So, I turned 50 yesterday. It was a yikes moment, although it didn’t hit me as hard as I thought. I can’t stop it and the alternative to stopping it just seem to sit well with me. I don’t know. Maybe I’m denial. I mean, I don’t feel 50. I still have these teenage thoughts running in my head. Thank GOD I do not have teenage angst running through me. Which brings me to my point, there are so many great things about turning 50.
First, my skin finally fits perfectly and I am comfortable in it. I have finally embraced how I am. For example, I am messy and disorganized. Papers are scattered in a catch-all basket, clothes are strewn all around my room, I still haven’t completely unpacked from last weekends jot out of town and one of my mourning rituals is to run around looking for my car keys. After 50 years, I haven’t changed any of it and I figure at this point, I mind as well embrace it. Somehow, the world has not collapsed around me….yet.
Second, I have started to accept my strengthens. Now, this may seem easy, yet it has been hard one for me. You don’t just breakout from self-doubt overnight. For every “I did this great” or “I like this about myself” I think or say…not to anyone BUT myself mind you… I follow it with a buts – “but, I could have done better” or “but I need to work on this”. I am learning to drop the rest of the sentence I add on at the end. It’s an odd sensation and a struggle, BUT I am getting it.

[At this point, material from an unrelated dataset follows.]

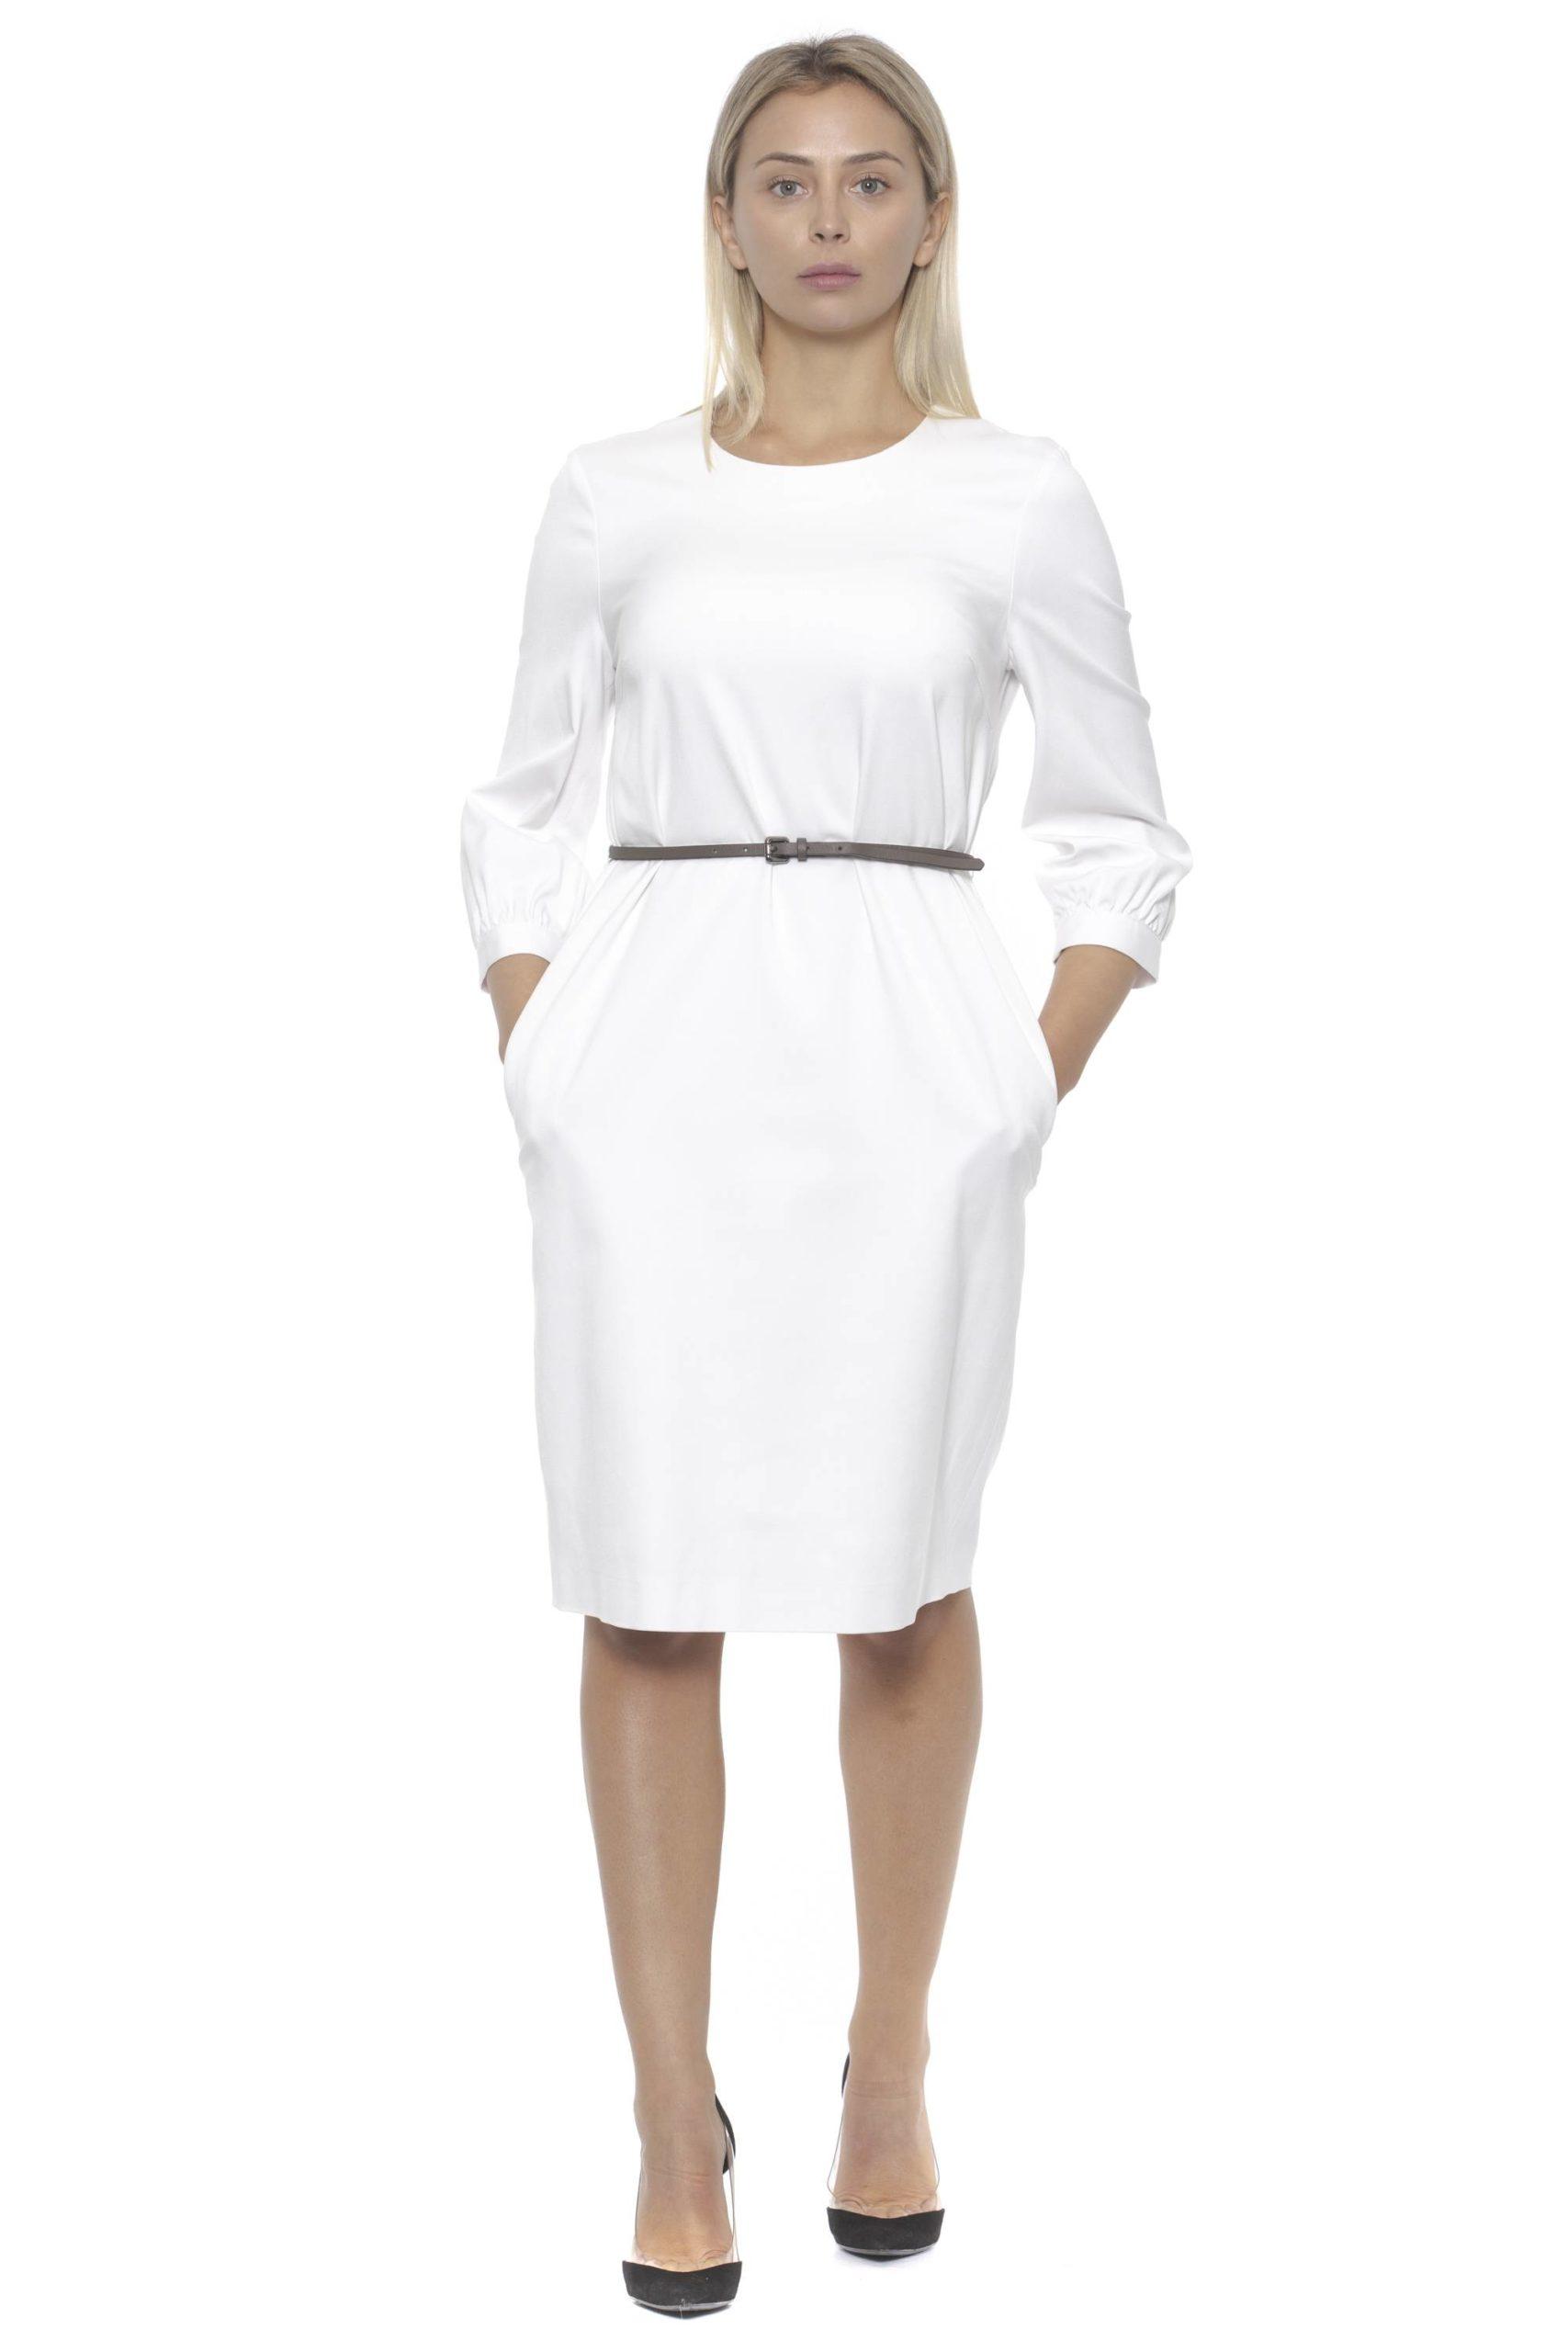 Peserico Women's Bianco Dress Beige PE1383162 - IT42   S

Third, I am learning to like my reflection. I’ve never put much effort into my looks. And for the past year, I have cared less. Don’t get me wrong, I do the basic hygienic necessities, however, most recently, the other things don’t matter as much. I sport a low maitenance haircut. I still don’t dye my hair – never have – and my hair products last a longer time. I spend five minutes on make up… if I put it on at all. My clothes are pratical and not extravegent or expensive. I wish they had Granimals for adults and I’d be all over that. I wear shoes for comfort. This sprang out of necessity, but I have learned to work my clunky shoes. Finally, I never starve. I think if I tried, not only would I be crabby – never a good thing – my hip bones are too large to look normal in any other body I now own. I like my soft curves – yes, I am sticking with that romantic term. Anyway, I think I have come to realize, a joke, a laugh, a smile, a wink, a kind word and a caring moment are what matter and radiates beauty…handsomeness.
Now, I’m not 100 percent self-confident yet, but boy am I closer. And when I don’t feel it, I fake it. I figure if I pretend long enough, I may actually believe it. And isn’t that nifty at 50?